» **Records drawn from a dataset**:
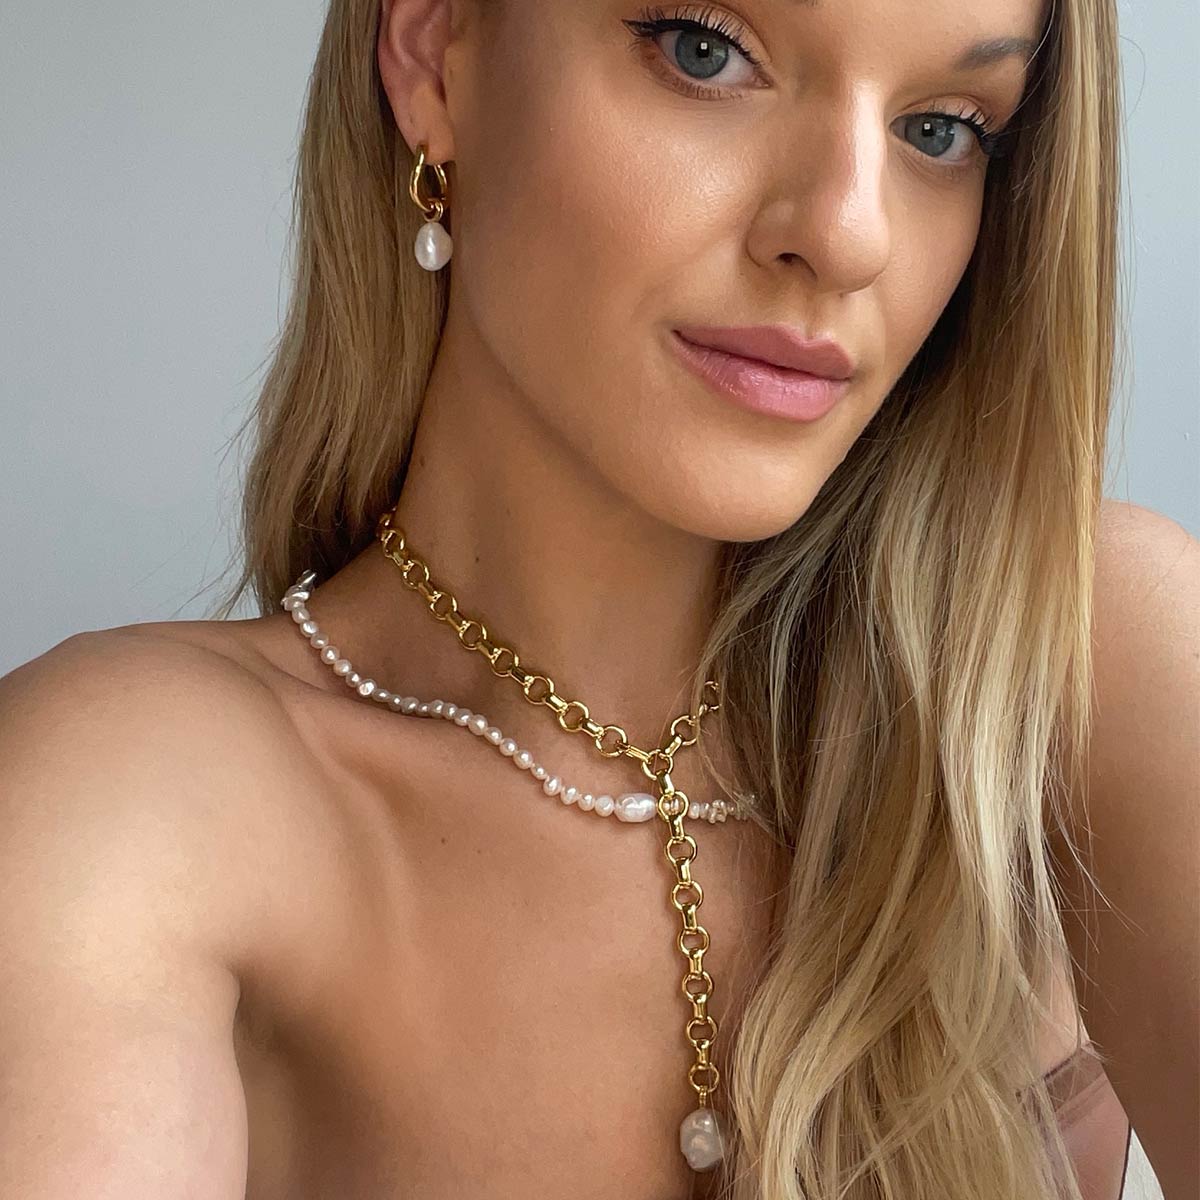 Serenity Pearl Link Chain Necklace in Gold worn by Katie Klinefelter
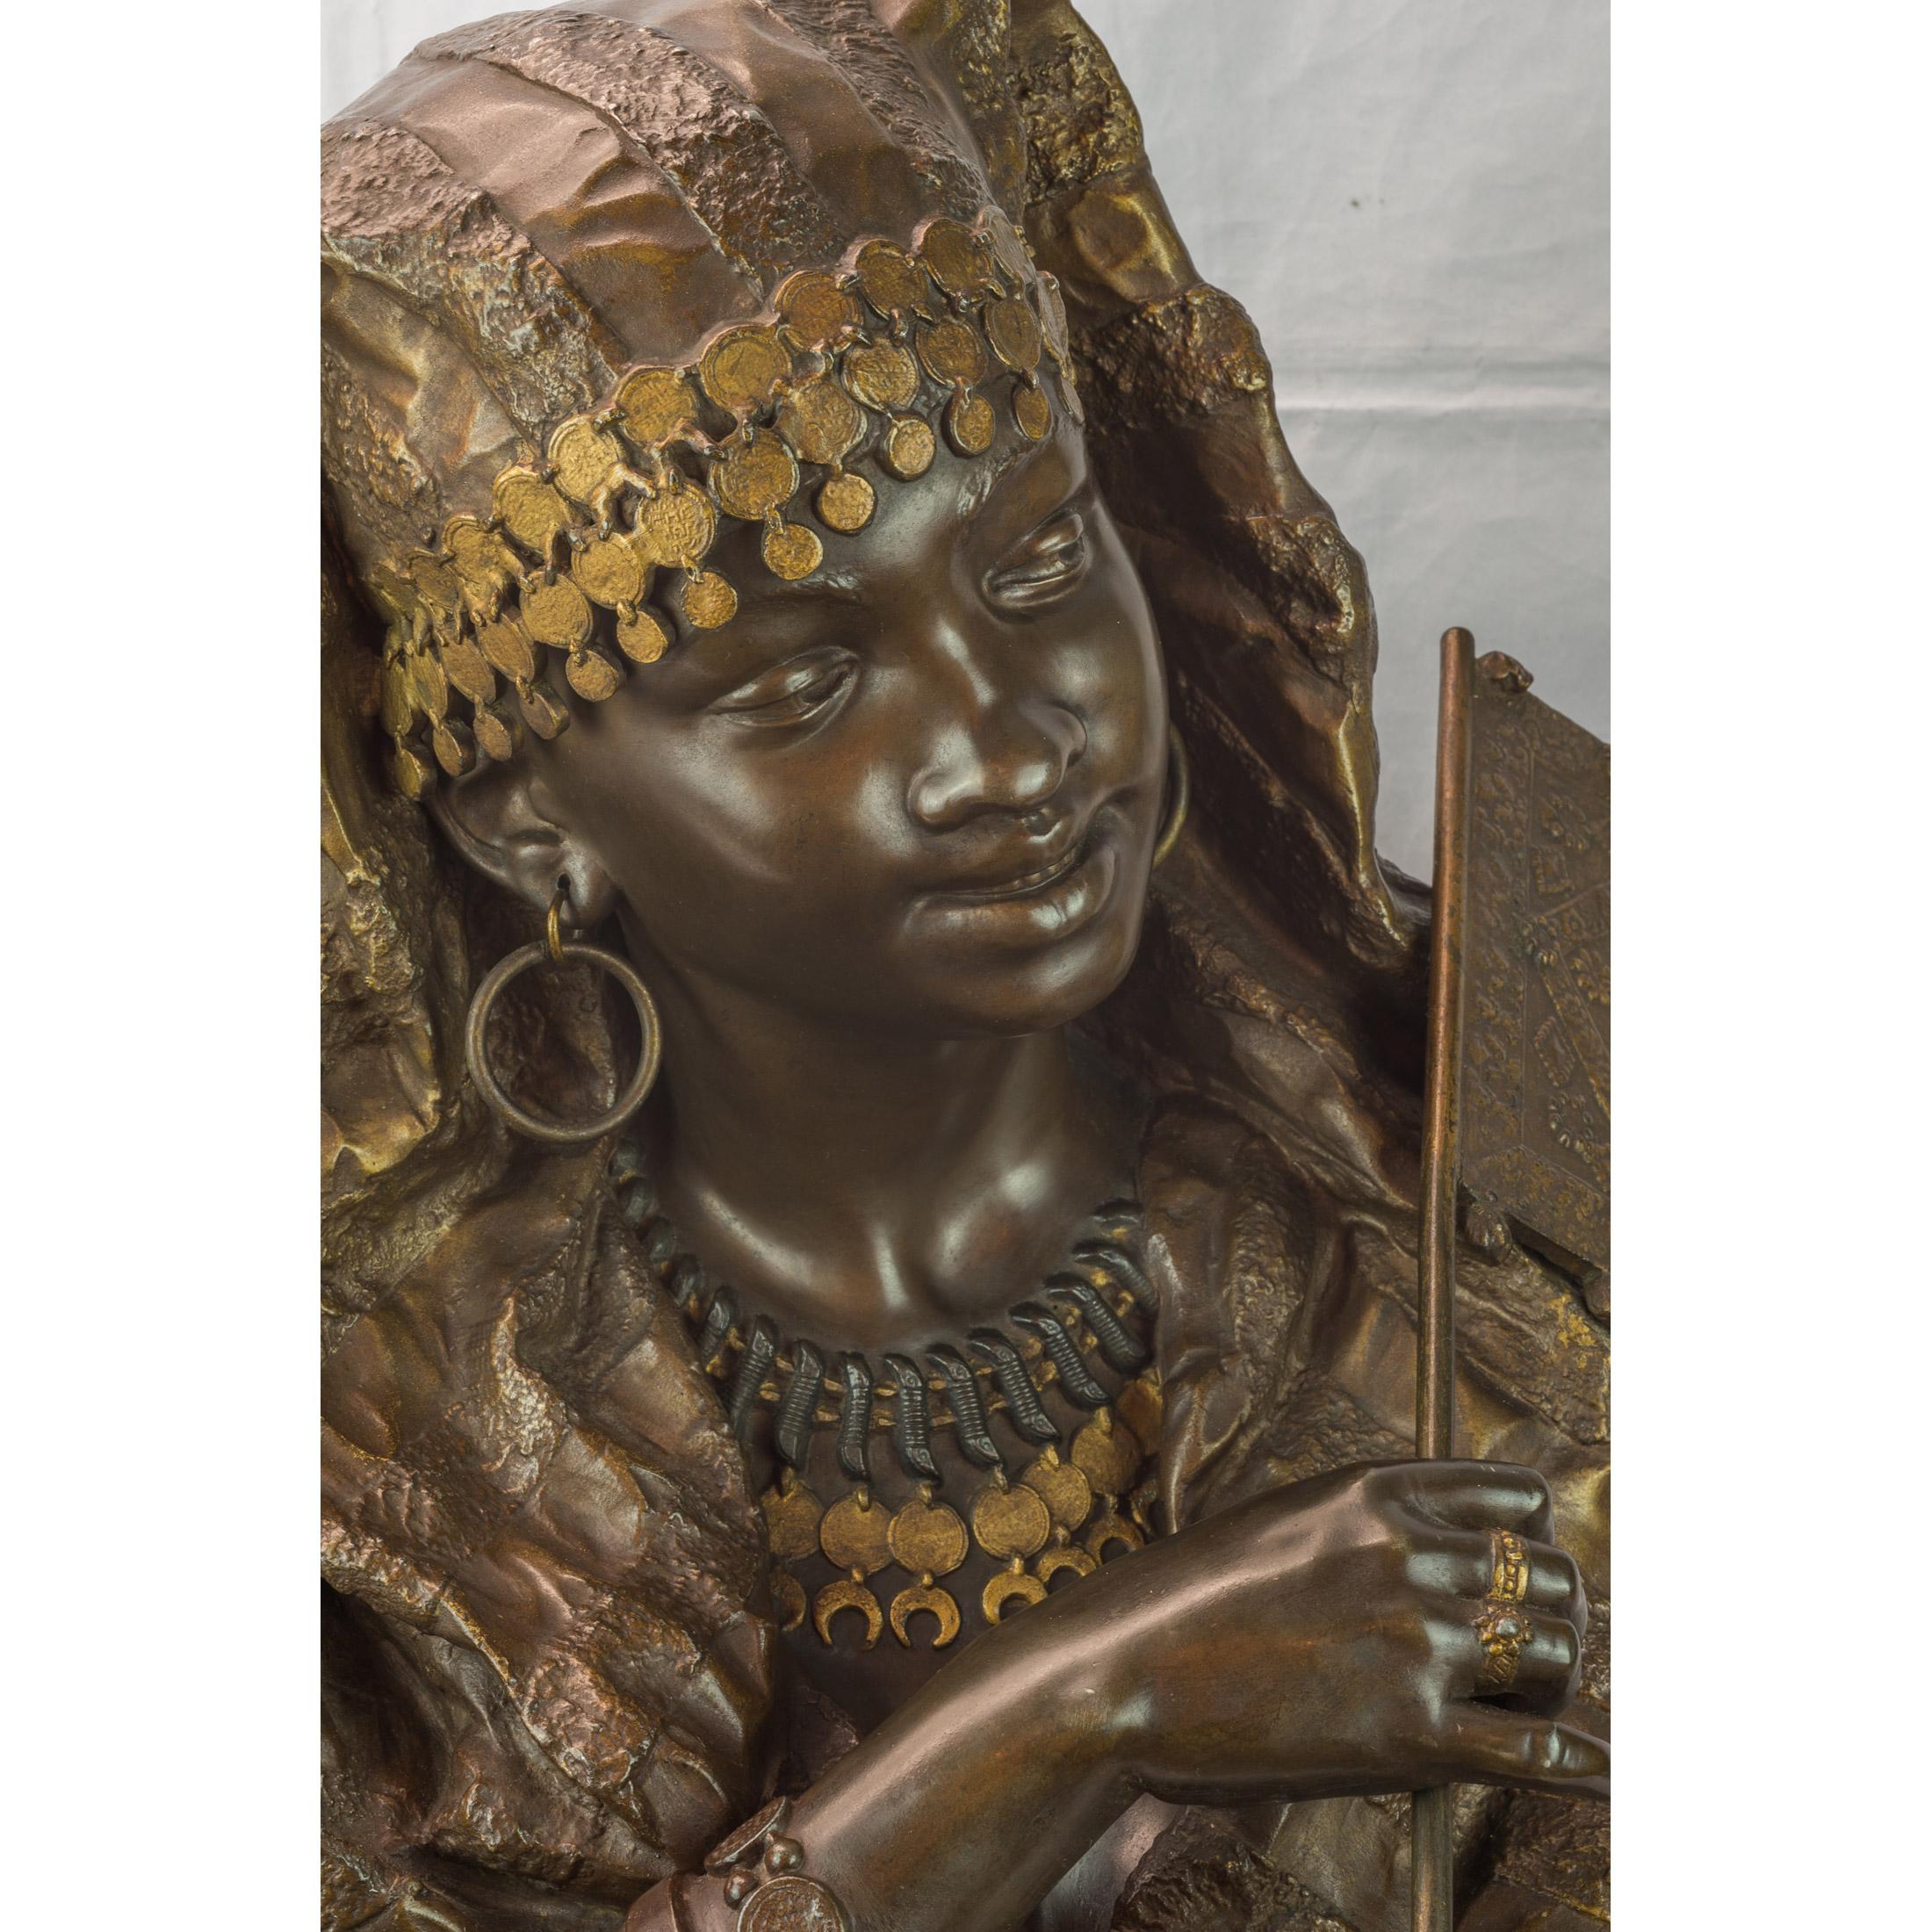 GASTON LEROUX
French, (1854-1942)

Polychrome and gilt bronze bust of a gypsy woman
           
H 24 in. x W 15.50 in. x D 14 in.

» **What you will do**: Your copy of the entries must be exact and must not include any of their pictures.

» **Answer**:
 Serenity Pearl Link Chain Necklace in Gold worn by Katie Klinefelter
 GASTON LEROUX
French, (1854-1942)

Polychrome and gilt bronze bust of a gypsy woman
           
H 24 in. x W 15.50 in. x D 14 in.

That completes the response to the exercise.